Reduced VAT for labour element on ‘energy saving’ measures only

The actual EU Court of Justice ruling specifically states that it deems it be ‘illegal’ for the reduced VAT rate to be applied to measures where materials are the largest element of the cost of the renovation works to private dwellings; however this won’t necessarily also apply to the labour element of the project. For example, while measures such as solar PV, solar thermal and heat pumps will be severely affected (as the cost of the kit is pretty high), external wall insulation installation could still benefit from an amended policy as the labour element is the most significant part of the cost of the job.

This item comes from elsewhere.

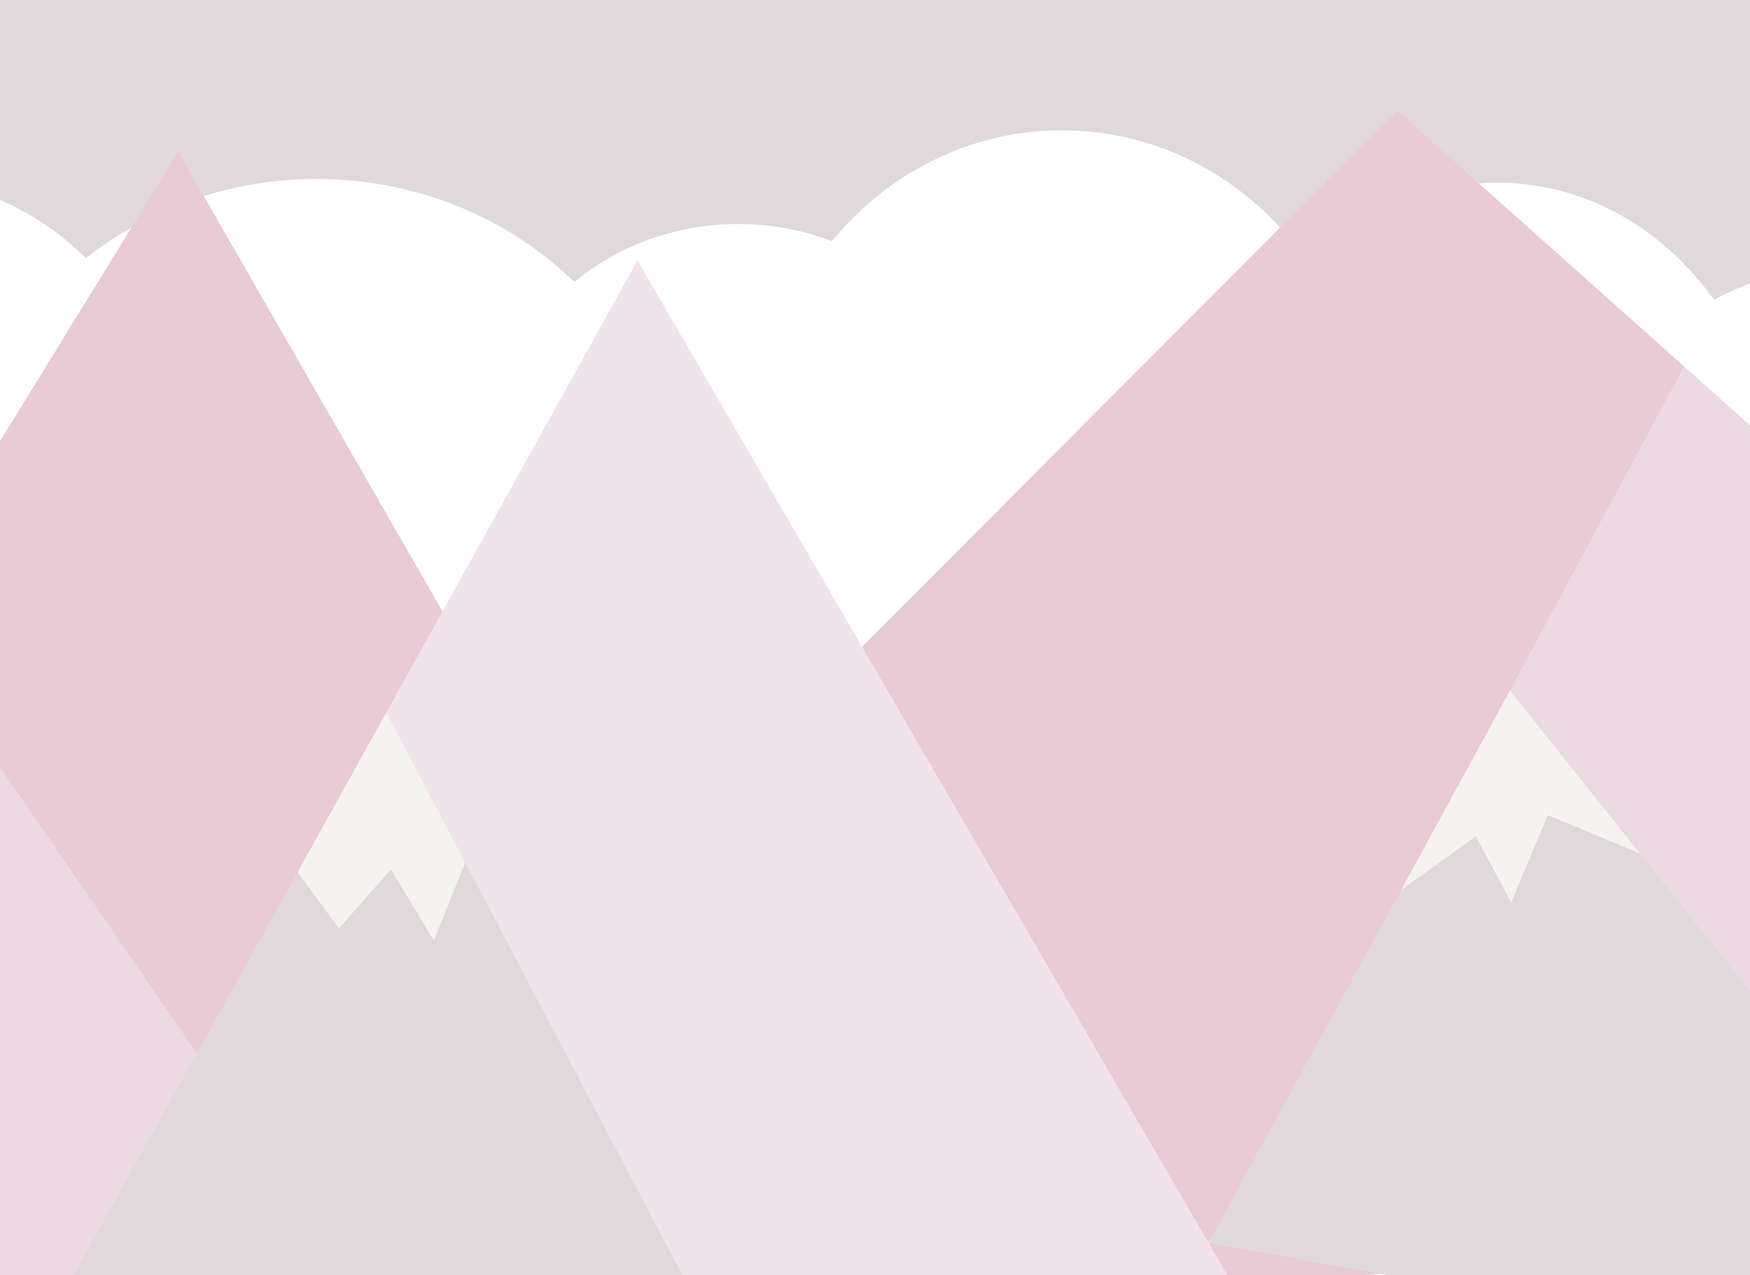             Papel Pintado Habitación Infantil Montañas con Nubes - Rosa, Blanco, Gris

The Government’s final position will be clarified post-Budget 2016.

Reforms to UK Consumer Energy Efficiency Policy – 2016/17

The Department of Energy & Climate Change appointed Dr. Peter Bonfield from the BRE to conduct an independent review into the state of the consumer energy efficiency policy in the UK. According to the terms of reference document, the initial report findings are to be reported back to the relevant Government Secretary of State by the end of Spring 2016 with no set date yet for full published findings and a date set for implementation to the market.

We therefore wait to see whether the Policy Exchange’s findings on UK tax exemptions are to be reported back and included in the full Bonfield review. Including some moderate tax incentives (examples mentioned above) along with other measures (a new and reformed ‘pay-as-you-save’ scheme) would be some steps in the right direction to helping kick off a better take-up of energy efficiency measures.